楚平聽到這個傳言後,苦笑了一下,雖然和他說這話的人都有些為他抱不平,可自己能怎麼樣呢。
被白一丁這老犢子陰了去抓計劃生育工作,還好自己運氣好,見機的好,也得到了工作組一幫同志的支援,這才取得了一定成效,把這倒數第一的帽子拖了,不然即使不栽在上山村,也會因為計劃生育工作沒抓好被免除副鄉長的職務。
雖然自己和大家都知道白一丁這借刀殺人之計,可一點辦法也沒用,只能入他的圈套。
上山村還有最後一個寨子的計劃生育工作沒有結束,楚平決定過兩天再上山一趟,督促工作組把這項工作清理掉,也算結束一項工作,免得夜長夢多。
夜已經深了,可楚平有些睡不著,現在已經十月份了,還有幾個月就是鄉里換屆了,這大棚菜的事情一弄,自己再次去農機公司的可能*就更大了。
點了一根香菸,獨自一個人在鄉政府大院裡的小山頭上坐著,看著遠處還亮著燈的蔬菜大棚,抽光了一包香菸,隱約看到父親和母親還在忙碌的身影,心情似乎廓然開朗起來,大不了就不幹這鄉長了,回老家去種大棚菜也是個不錯的選擇,去深圳杜欣那裡也可以,杜欣已經多次邀請他去擔任她公司的副總經理,年薪五十萬呢,是湖山鄉一年的財政收入一半還多。
此處不留爺,自有留爺處!
丟掉手裡的香菸屁股,就往辦公室走去,明天還要一早去縣裡開會,還是早點睡吧。
楚平沒有從大門進鄉政府的小院,因為要繞很多的路,而是從後面圍牆一個小牆洞裡鑽了進來,剛鑽進圍牆,就看到白一丁的房間還沒熄燈,從後面的窗戶可以看出有三個人影。
本來沒有偷聽這種嗜好,可從旁邊經過的時候,突然聽到一個熟悉的聲音,可又想不起是誰,就無聲的在牆邊停了一會,想聽聽這個人再說話,確定一下這人到底是誰。
「媽的,這鄭山,烏龜王八蛋,等這事情過了,看老子怎麼收拾他。
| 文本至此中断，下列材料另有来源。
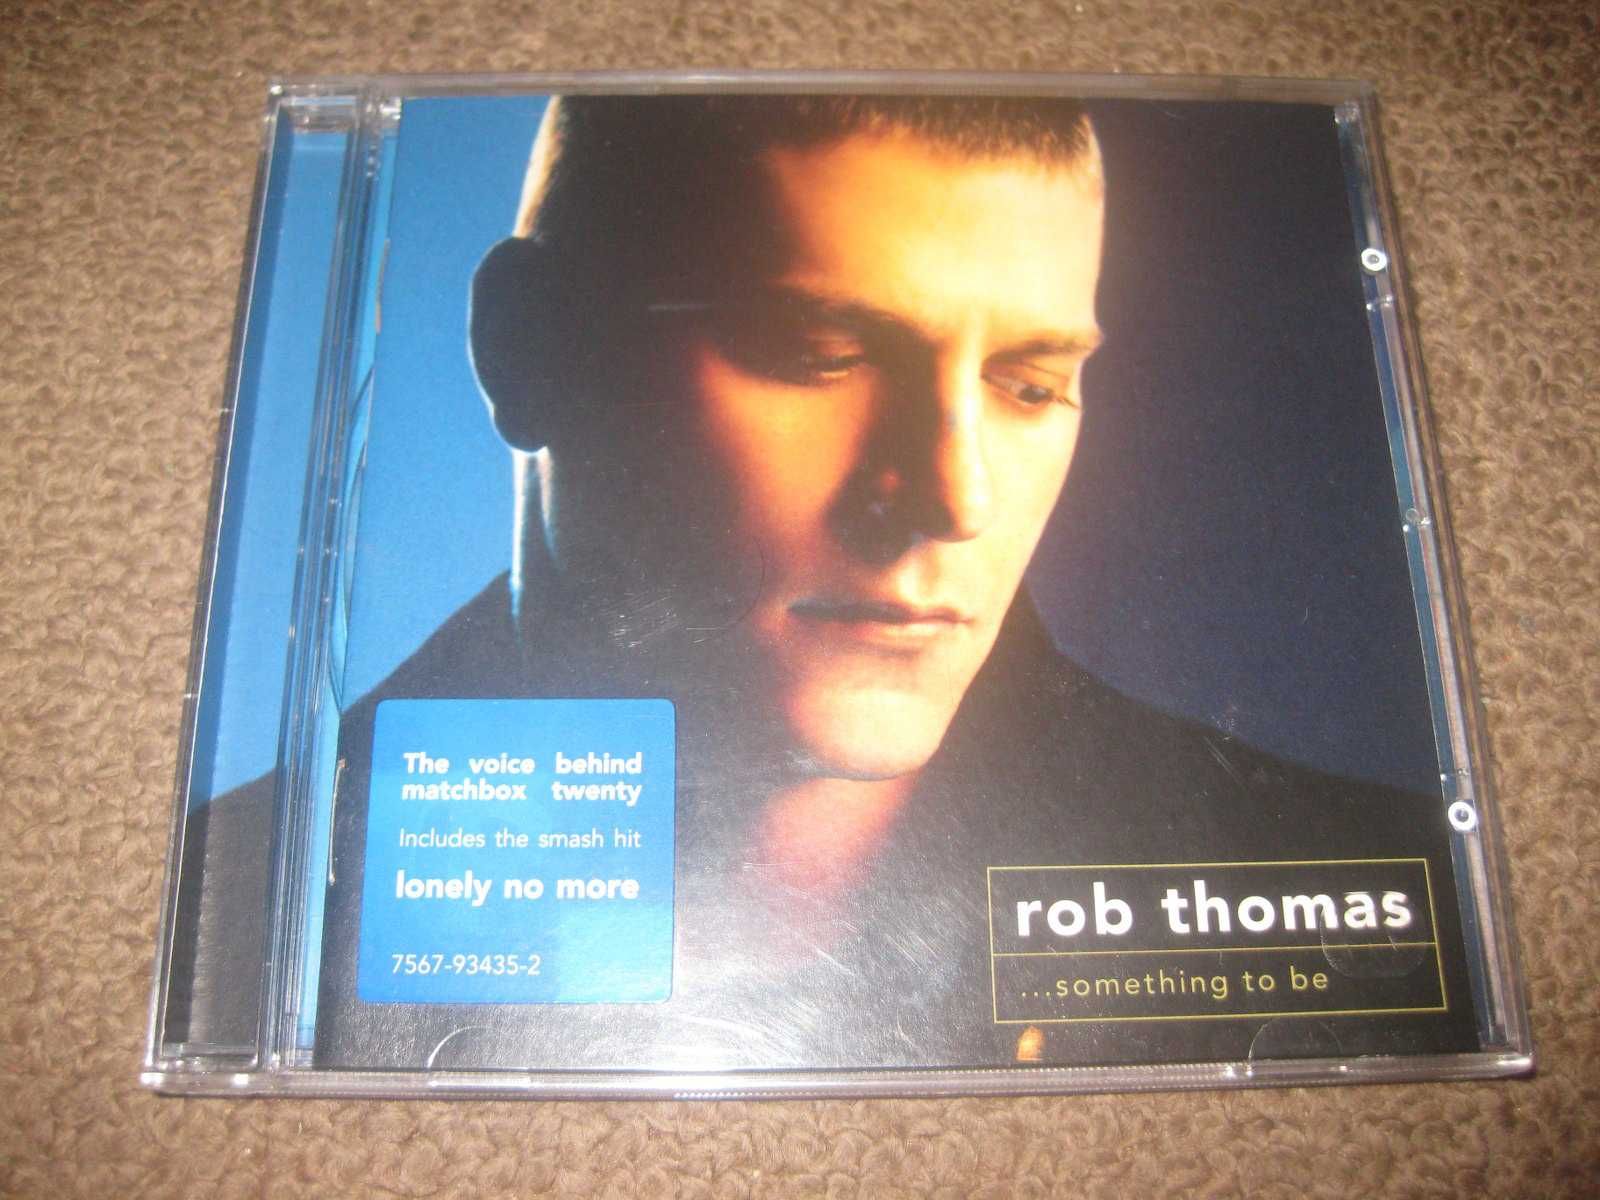 CD do Rob Thomas "...Something to Be" Portes Grátis!

」等了一會那人一直沒說話,楚平正要往回走,突然聽到白一丁在罵鄭山,就又側著耳朵聽了起來,「你小子還有點小聰明,那天要不是鄭山,楚平這小子肯定鬥不過你。」
哦,白一丁又提到自己,楚平自然更要仔細聽聽,可漸漸的後面的聲音聽不清楚,估計這說話的三人走到中間去了,突然楚平想起了前面說話人的聲音,但是心裡又不敢確定,心想著這白一丁雖然陰險毒辣,總不會和這些爛仔們勾結吧。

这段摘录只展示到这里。